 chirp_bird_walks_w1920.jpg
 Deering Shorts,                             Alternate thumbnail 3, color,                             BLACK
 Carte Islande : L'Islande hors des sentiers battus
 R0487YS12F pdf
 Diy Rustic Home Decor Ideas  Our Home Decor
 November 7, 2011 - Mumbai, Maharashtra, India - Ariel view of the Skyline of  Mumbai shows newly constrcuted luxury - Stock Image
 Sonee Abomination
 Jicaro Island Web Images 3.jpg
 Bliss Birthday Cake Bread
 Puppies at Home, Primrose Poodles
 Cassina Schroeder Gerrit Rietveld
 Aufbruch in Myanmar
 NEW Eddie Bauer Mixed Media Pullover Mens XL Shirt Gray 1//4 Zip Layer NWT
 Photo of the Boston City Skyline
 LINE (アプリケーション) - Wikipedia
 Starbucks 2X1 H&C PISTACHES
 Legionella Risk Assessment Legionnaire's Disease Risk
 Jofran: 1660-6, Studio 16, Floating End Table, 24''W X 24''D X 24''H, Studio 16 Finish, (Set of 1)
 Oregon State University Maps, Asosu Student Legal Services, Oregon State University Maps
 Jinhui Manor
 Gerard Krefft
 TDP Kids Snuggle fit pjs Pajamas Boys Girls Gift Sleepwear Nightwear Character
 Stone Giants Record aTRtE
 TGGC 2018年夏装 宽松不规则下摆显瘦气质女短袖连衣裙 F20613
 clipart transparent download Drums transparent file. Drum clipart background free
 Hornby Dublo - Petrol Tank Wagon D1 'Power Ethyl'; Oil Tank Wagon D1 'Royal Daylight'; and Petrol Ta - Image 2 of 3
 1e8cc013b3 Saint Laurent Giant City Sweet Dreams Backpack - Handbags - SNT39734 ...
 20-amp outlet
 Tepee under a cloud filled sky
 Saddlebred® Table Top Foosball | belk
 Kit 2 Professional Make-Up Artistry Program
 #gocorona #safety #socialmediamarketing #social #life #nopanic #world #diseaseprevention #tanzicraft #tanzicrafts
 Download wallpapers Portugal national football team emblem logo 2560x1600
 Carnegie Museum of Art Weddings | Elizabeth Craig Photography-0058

+--

• Your instructions: Find all lines in the records that hold the word "Table". Copy them.

• Task answer:
 Jofran: 1660-6, Studio 16, Floating End Table, 24''W X 24''D X 24''H, Studio 16 Finish, (Set of 1)
 Saddlebred® Table Top Foosball | belk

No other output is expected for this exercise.